The important part here is setData. That is how we put data inside a DataEngine. setData accepts a source name, a key which will be used to look up the information, and the actual information, stored as a QVariant.

If "Local" is not the timezone supplied to updateSourceEvent, we obtain data on the timezone itself using KSystemTimeZones.zone(tz) and we assign it to newTz. Of course we may have supplied a non valid timezone, so we check it with newTz.isValid(), and we return False if it is not. After that, it's a matter of getting time and date relative to this timezone, through KDateTime.currentDateTime(KDateTime.Spec(newTz)). Then, we set the data into the DataEngine relative to date and time, and we assign timezone to tz.

Then, we set the timezone name (for example, "Europe/Rome") into the DataEngine. We also want to get continent and city into the DataEngine, so we split the string into a list with "/" and we check if contains two or more elements. If so, we set the first (for example "Europe") as continent and the second ("Rome") as city. Then the function returns True. updateSourceEvent should return True if succesful, and False if otherwise.

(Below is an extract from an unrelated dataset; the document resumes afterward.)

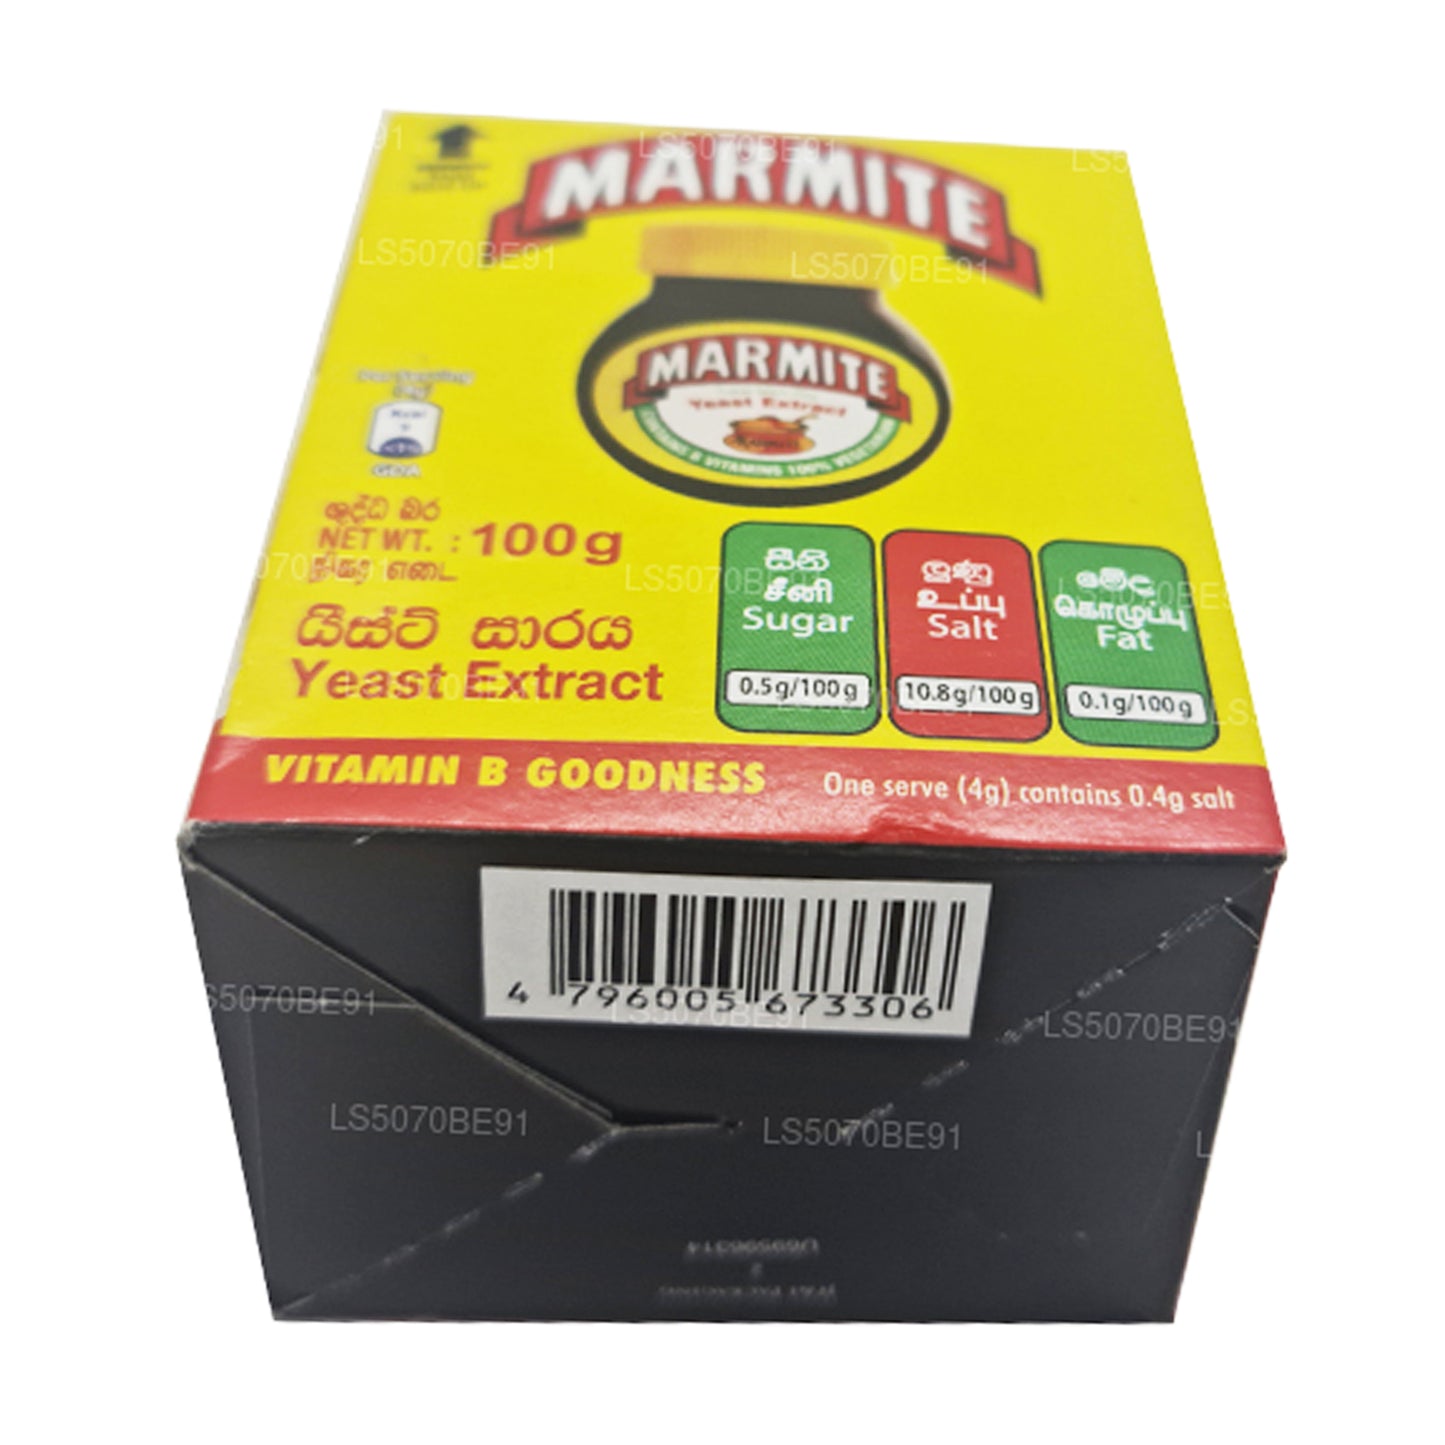 Extrait de levure de marmite (100 g)

def CreateDataEngine(parent):
    return PyTimeEngine(parent)

The last two lines deal, in a similar manner as applets, with creating the DataEngine.

Installing the DataEngine

First of all, zip the directory contents (see the Getting Started tutorial), then invoke plasmapkg like this:

plasmapkg -t dataengine -i <zip file name>

Plasma can't automatically determine the type of package you are installing (defaults to applet) so you have to manually specify the -t dataengine option. Once installed, you will be able to use this DataEngine in your applets.

Testing the DataEngine

Run the plasmaeengineexplorer application (see the Using DataEngines tutorial) and select the plasma-dataengine-pytime DataEngine. If all went well, it will behave in the same manner as the time DataEngine.

Conclusion

You can effectively separate presentation and data handling in your applets by creating DataEngines which deal with all the needs for data. In a few lines of code, you can set up your sources, retrieve data and then store it for applets to use.

Problems

Using your own python dataengines in KDE 4.2.0 leads to a crash. The problem is fixed in KDE 4.2.1.